This is a subjective question on what constitutes "clean". I think we
both think the other solution isn't clean, so that's for others to
adjudicate.

> We follow user namespace rules and we keep "the parent defines a
> range that the children can't escape" semantics. There is a clear
> relation between user namespaces that should not be broken.

OK, so I separated the problem into a userns one, which remaps for the
processes in user space, and a vfs one which remaps the on-disk id.
However, they could be combined by allowing the userns to mount
shiftfs but only on designated filesystems and setting the uidmappings
to the same ones as the userns.

> We explicitly don't define a new user namespace mapping nor add a new
> interface for the simple reason it's: *too complicated*. We can do
> that, but no thanks! May be in future if there is a real need or
> things are clear... The current user namespace interface is getting
> standard and stable, so we just keep it that way and make it
> consistant inside VFS.

I don't accept the too complicated point. For fully unprivileged
containers, the host admin already has to set up the subuid/subgid map
files which is most of the complexity. Once that's done, the same maps
can be used to shift mount. Once it's all set up, no further
intervention is required.

> We give VFS control of that, and we make mount namespaces the central
> part of this whole logic.

Right, that's what causes the logic to thread throughout the entire vfs
and into the fs layer. The fundamental point of difference is that I'd
like a solution which encapsulates the problem rather than exposing it
to the vfs.

> We make admins life easier where they can pull container images, root
> filesystems from containers/apps hubs... verify the signature and
> start them with different mappings according to host resources... We
> don't want them to do anything. The design was planned to make it
> easier for users, it should work out of the box, and it can be used
> to handle complex stuff too, since it's flexible.

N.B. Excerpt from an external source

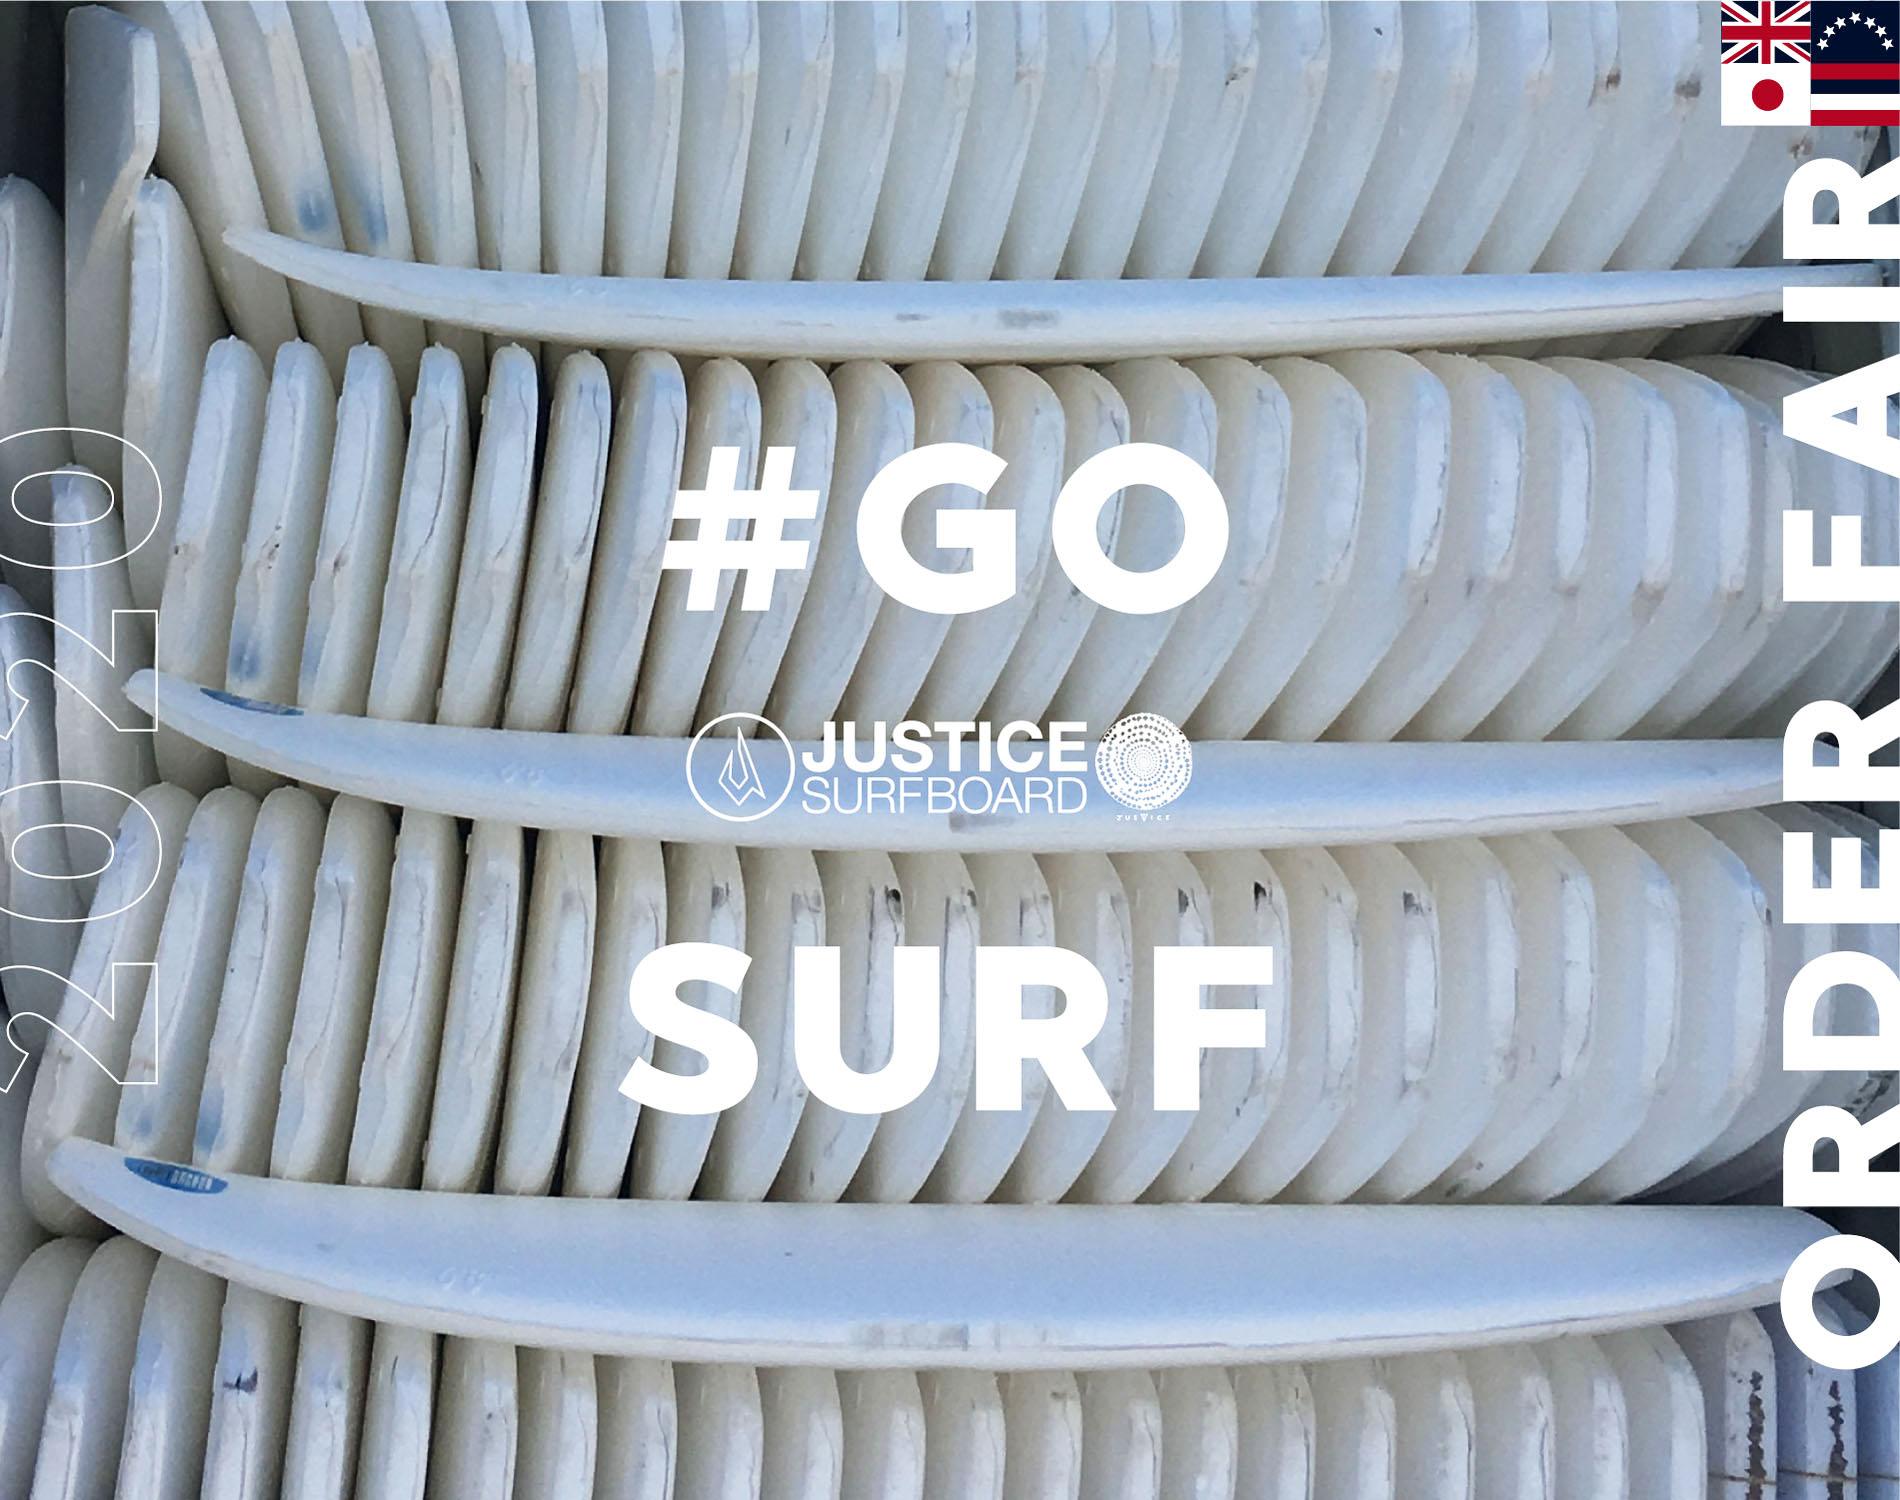 ジャスティスサーフボード| 最短納期約40日!GO SURF オーダーフェア開催中!!

Either works easily for users. Setting stuff up is always the job of
the admin in both solutions.

> Able to support most filesystems including on-disk filesystems
> natively.

Shiftfs does this. More importantly it supports subtrees, so I can
unpack an image root on to an existing filesystem and remap it into a
container.

> Able to support disk quota according to the shifted UID/GID on-disk
> values. Especially during inode creation...

Quota can be shifted, I just wasn't sure it was necessary. If the
usual use case is for unpacked roots, chances are you want the
remapping to use the group quota of the userns owner, which they'd get
naturally so, while it's possible to remap projid, I didn't think it
needed to be done.

> Able to support ACL if requested.

Both do this.

> The user namespace mapping is kept a runtime configure option, we
> don't pin a special mapping at any time, and of course parent creator
> of user namespace is the one that can manipulate it, at the same time
> the mapping is restricted according to grandpa rules and so on...
>
> It allows unprivileged to use the VFS UID/GID shift without the
> intervention of a privileged process each time. The real privileged
> process sets the filesystem and the mount namespace the first time,
> then it should work for all nested namespaces and containers. It does
> not need the intervation of init_user_ns root to set the mapping and
> make it work, you don't have to go in and go out to setup the thing,
> etc.

Both solutions work like this. When I use this for shifted roots of
emulation containers, it's set up once at start of day. I then build
the containers unprivileged using newsubuid/newsubgid as I'm using
them. Once the shifts are done at start of day, no other admin support
is required.

James


> We don't do this on behalf of filesystems, they should explicitly
> support it. procfs and other host resource virtual filesystems are
> safe and currently they don't need shifting.
>
> We try to fix the problem where it should be fixed, and not hide
> it...